* _Work to complete_
A verbatim copy of the records below, pictures omitted, is the task.
____
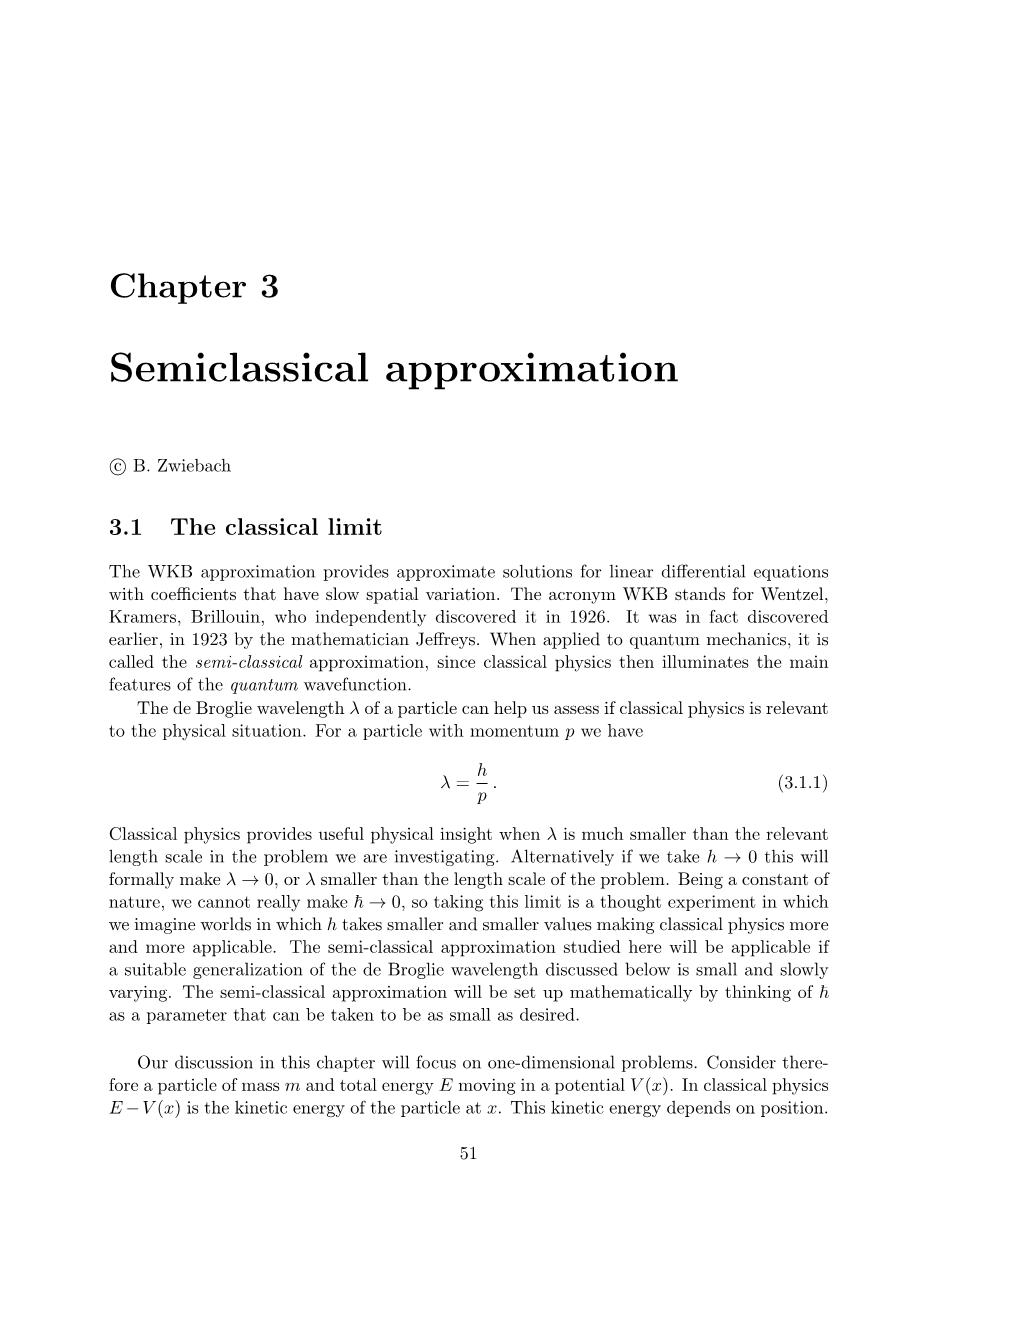 Semiclassical Approximation
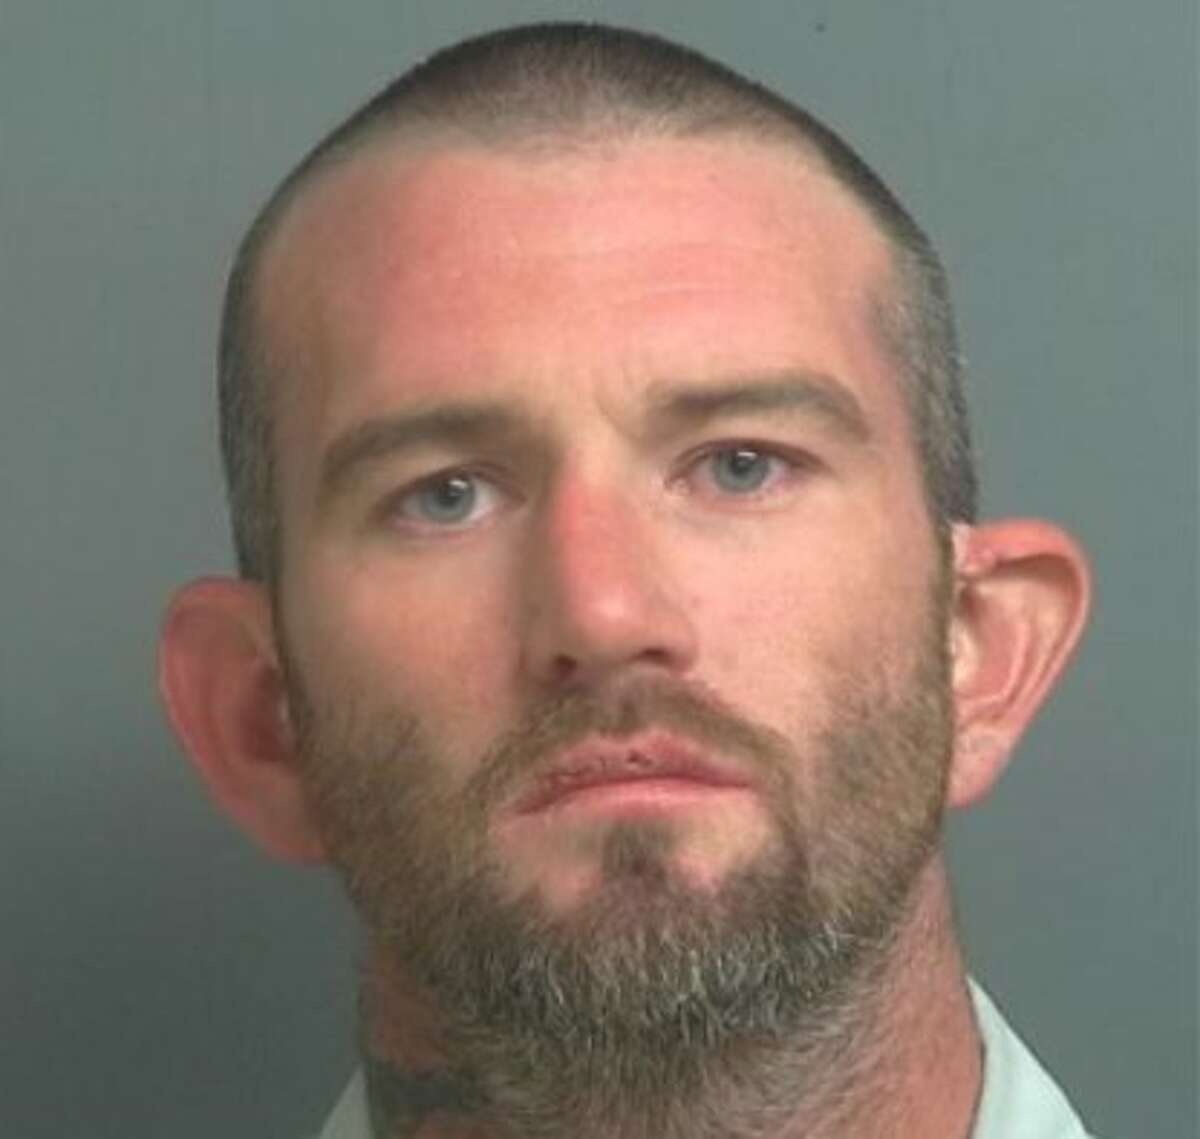 SMITH, Kenneth Berry White/Male DOB: 10-02-83 Height: 5-9 Weight: 175 lbs. Hair: Brown Eyes: Blue Warrant: #161214875 Motion to Adjudicate Assault FV Causes Bodily Injury LKA: Paradise Ln, Mongomery
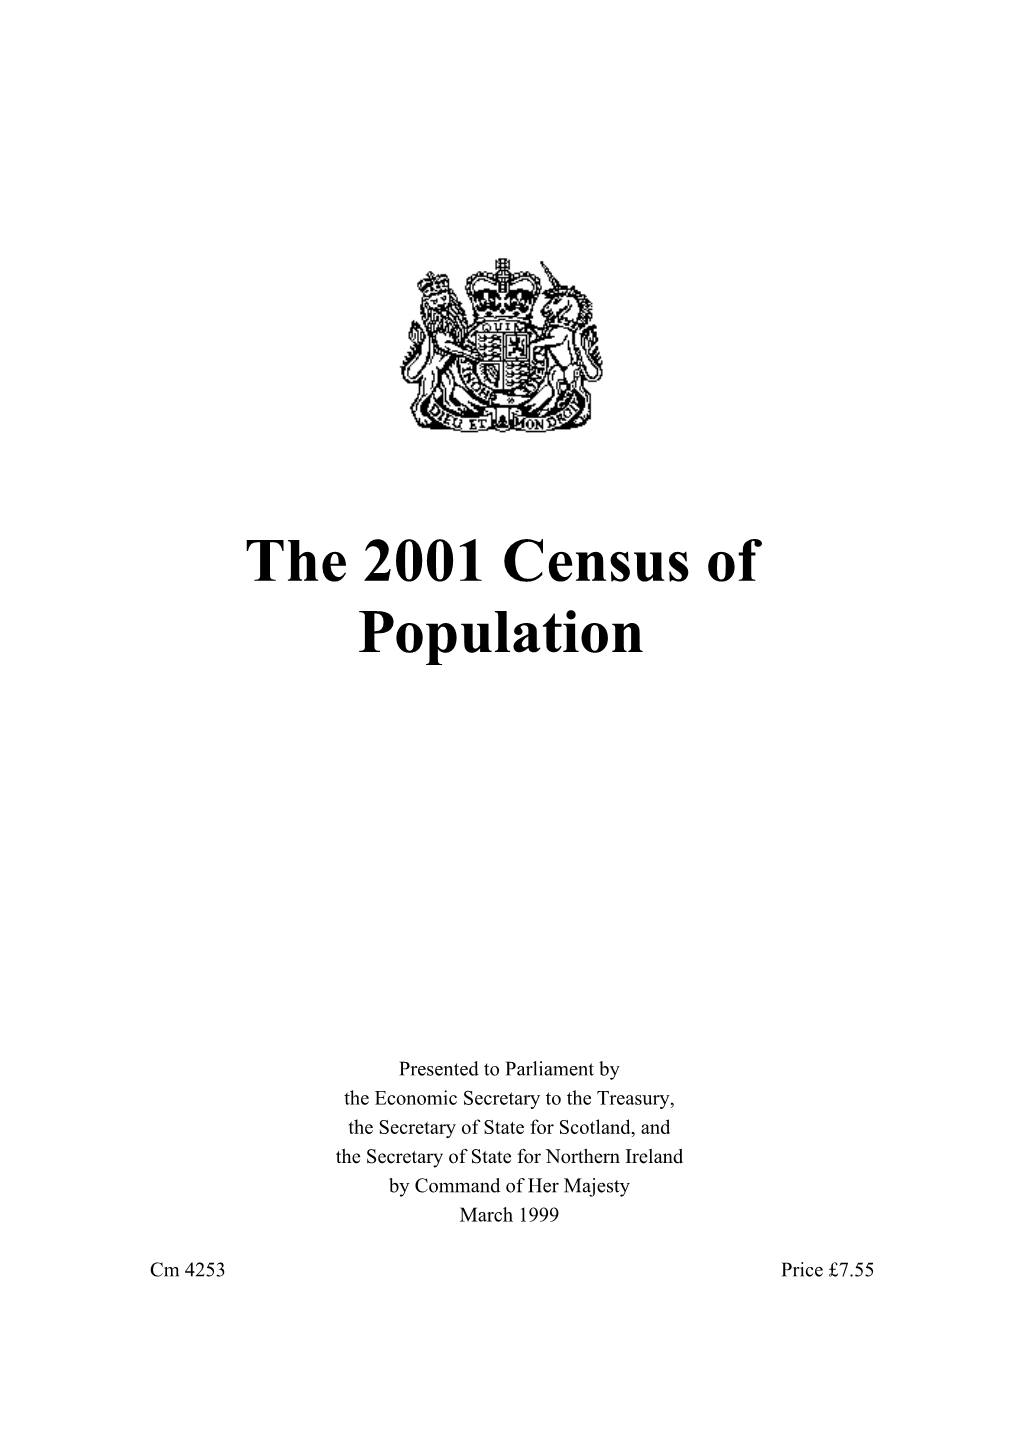 The 2001 Census of Population
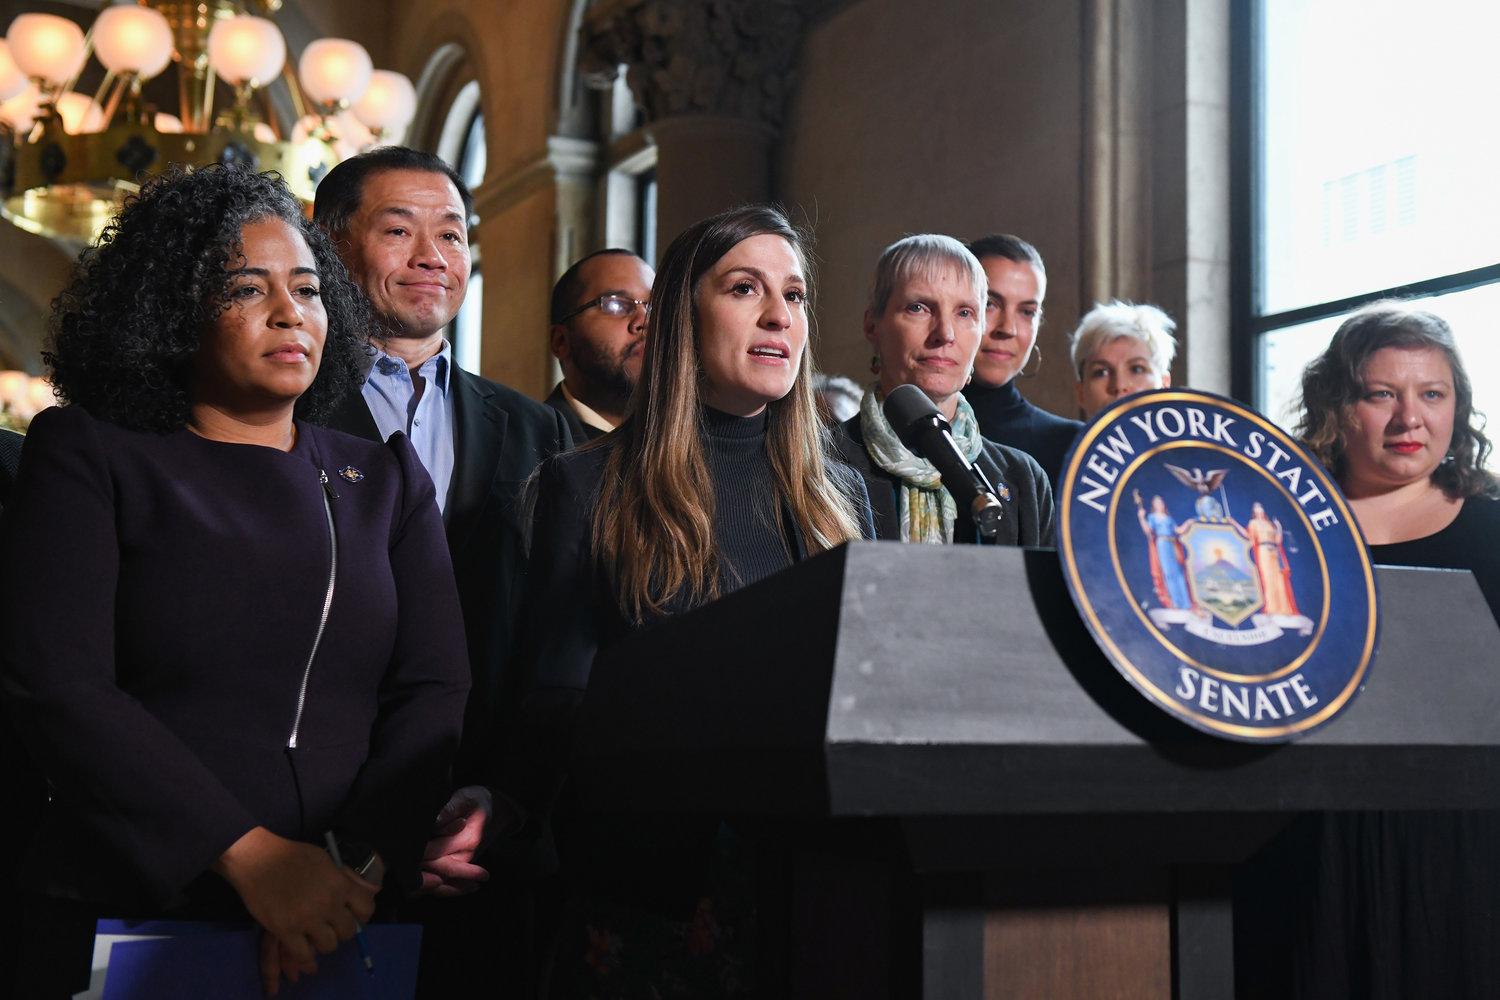 The Marijuana Regulation and Taxation Act, which provides broad legalization of marijuana, was ushered into law by state Sen. Alessandra Biaggi and a majority of her colleagues late last month. According to Biaggi, the bill aims to repair damage from the so-called ‘war on drugs’ by reinvesting in low-income communities of color.
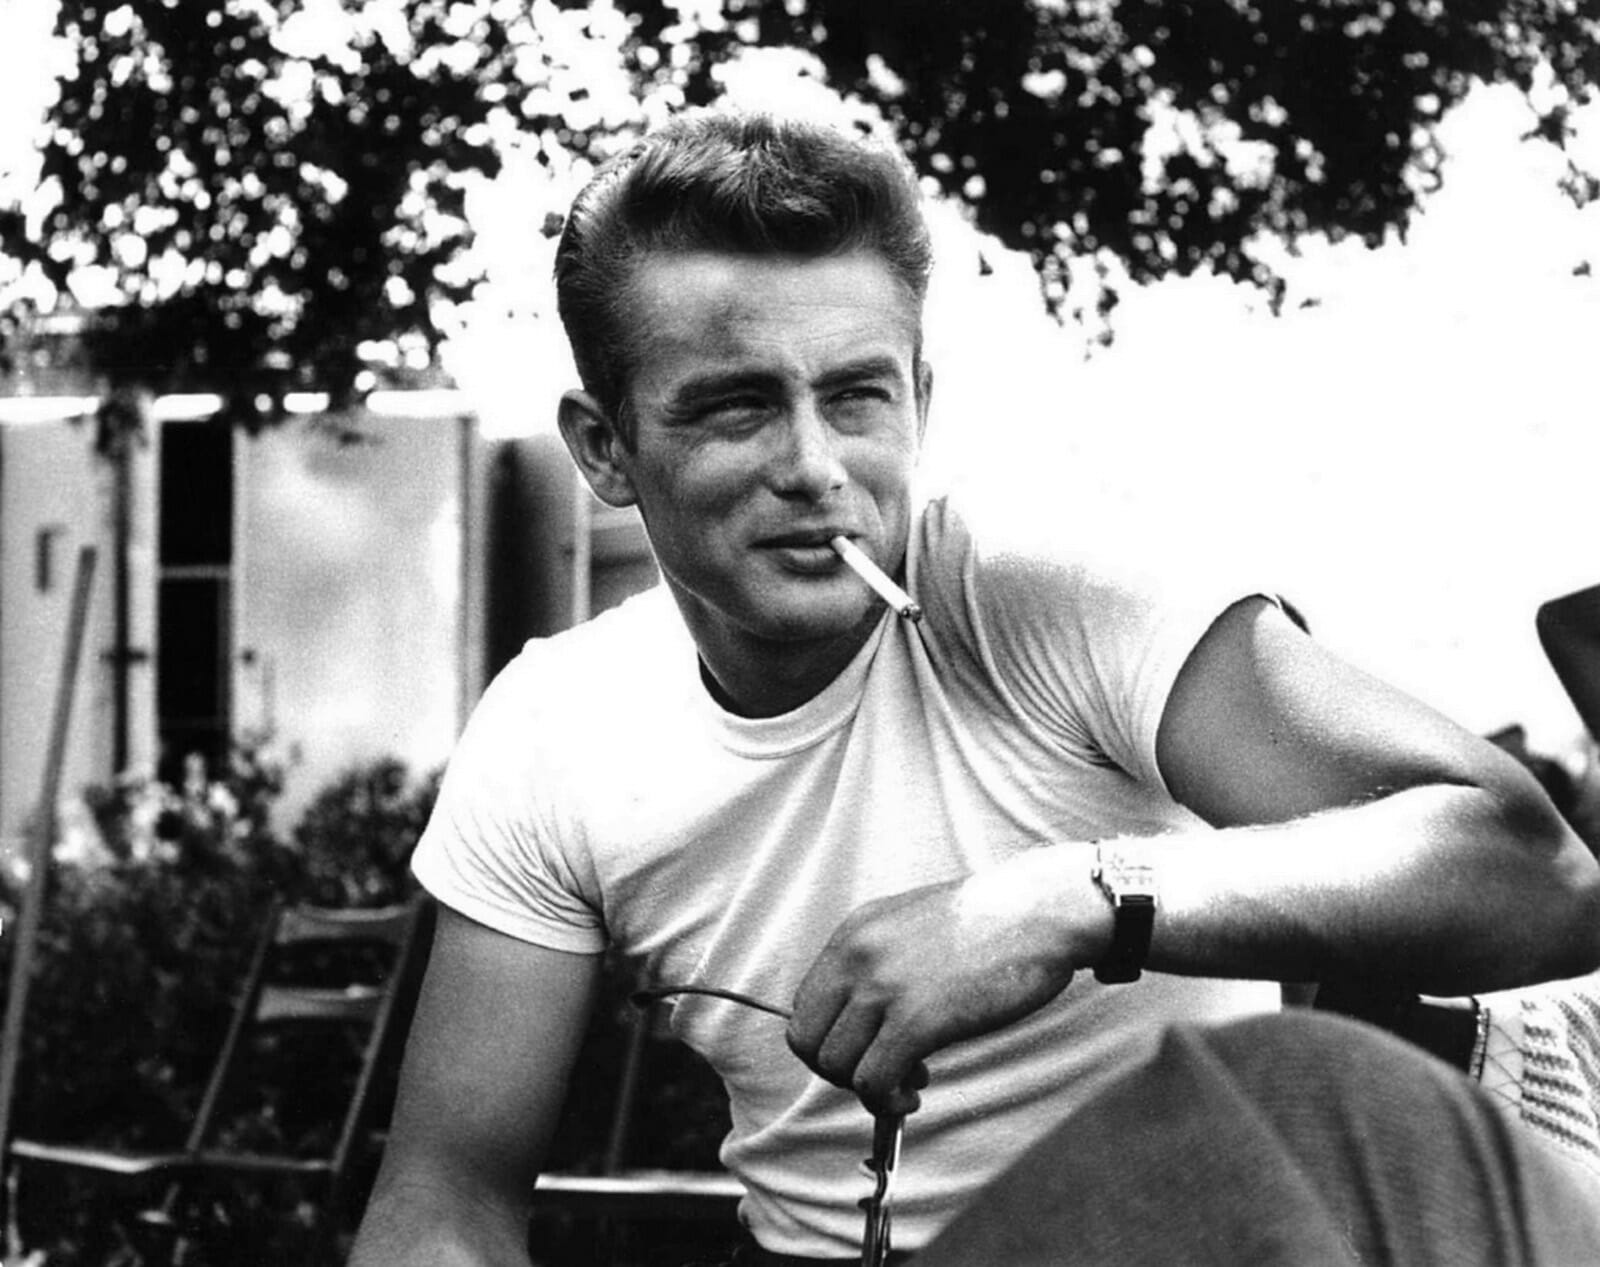 Dean on the set of Rebel Without a Cause, in a simple white T-shirt.
____
* _The completed task_
 Semiclassical Approximation
 SMITH, Kenneth Berry White/Male DOB: 10-02-83 Height: 5-9 Weight: 175 lbs. Hair: Brown Eyes: Blue Warrant: #161214875 Motion to Adjudicate Assault FV Causes Bodily Injury LKA: Paradise Ln, Mongomery
 The 2001 Census of Population
 The Marijuana Regulation and Taxation Act, which provides broad legalization of marijuana, was ushered into law by state Sen. Alessandra Biaggi and a majority of her colleagues late last month. According to Biaggi, the bill aims to repair damage from the so-called ‘war on drugs’ by reinvesting in low-income communities of color.
 Dean on the set of Rebel Without a Cause, in a simple white T-shirt.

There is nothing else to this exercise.